If you want to learn more, start [here](https://docs.aws.amazon.com/redshift/latest/mgmt/welcome.html).

So in other words, S3 is an example of the final data store where data might be loaded (e.g. ETL). While Redshift is an example of a data warehouse product, provided specifically by Amazon.




## Data Validation
Data Validation is the process of ensuring that data is present, correct & meaningful. Ensuring the quality of your data through automated validation checks is a critical step in building data pipelines at any organization.

Data validation can be done manually by quality assurance, data engineers or even data customers. It's much preferable to perform data validation in an automated fashion.

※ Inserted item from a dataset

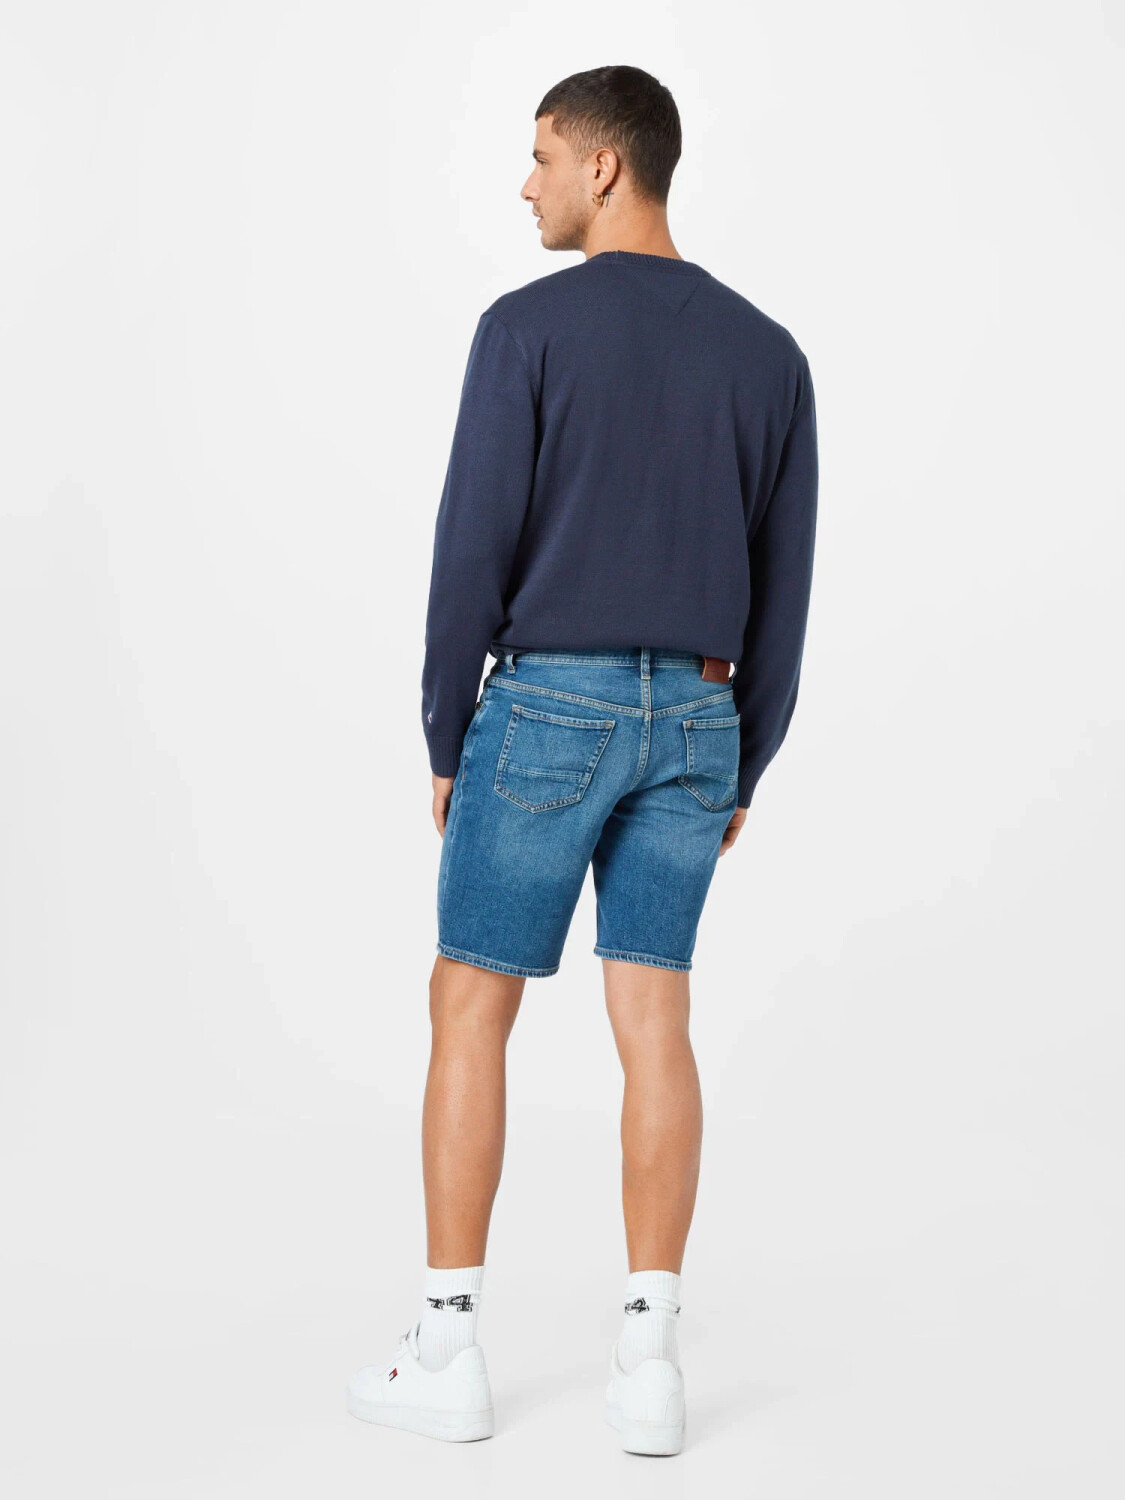 Tommy Hilfiger Brooklyn Faded Regular Shorts (MW0MW18035) boston indigo ab  44,90 € | Preisvergleich bei

Validation can and should become part of your pipeline definitions. 

### What could go wrong?
In our previous bikeshare example we loaded event data, analyzed it, and ranked out busiest locations to determine where to build additional capacity.

What would happen if the data was wrong?
What would happen if our system miscalculate the location ranking? 
What if no data was produced at all? 

When we do a mistake in our data pipeline it can lead to some serious problems for our businesses, for our customers and for people who depend on that kind of data. 
So it's really important that we perform data validation to ensure that the data we're creating is accurate and correct.

### Data Validation in Action
In our bikesharing example, we could have added the following validation steps:

After loading from S3 ro redshift:
* Validate the number of rows in Redshift match the number of records in S3

Once location business analysis is complete:
* Validate that all locations have a daily visit greater than 0
* Validate the number of locations in our output table match the number of tables in the input table.

### Why is it important?
* Data pipelines provide a set of logical guidelines and a common set of terminology.
* The conceptual framework of data pipelines will help you better organize and execute everyday data engineering tasks.

### QUIZ QUESTION
Which of the following are examples of data validation?
- [x] Ensuring that the number of rows in Redshift match the number of records in S3
- [x] Ensuring that the number of rows in a table are greater than zero
- [ ] Ensuring that the output table matches the needs of the data consumer.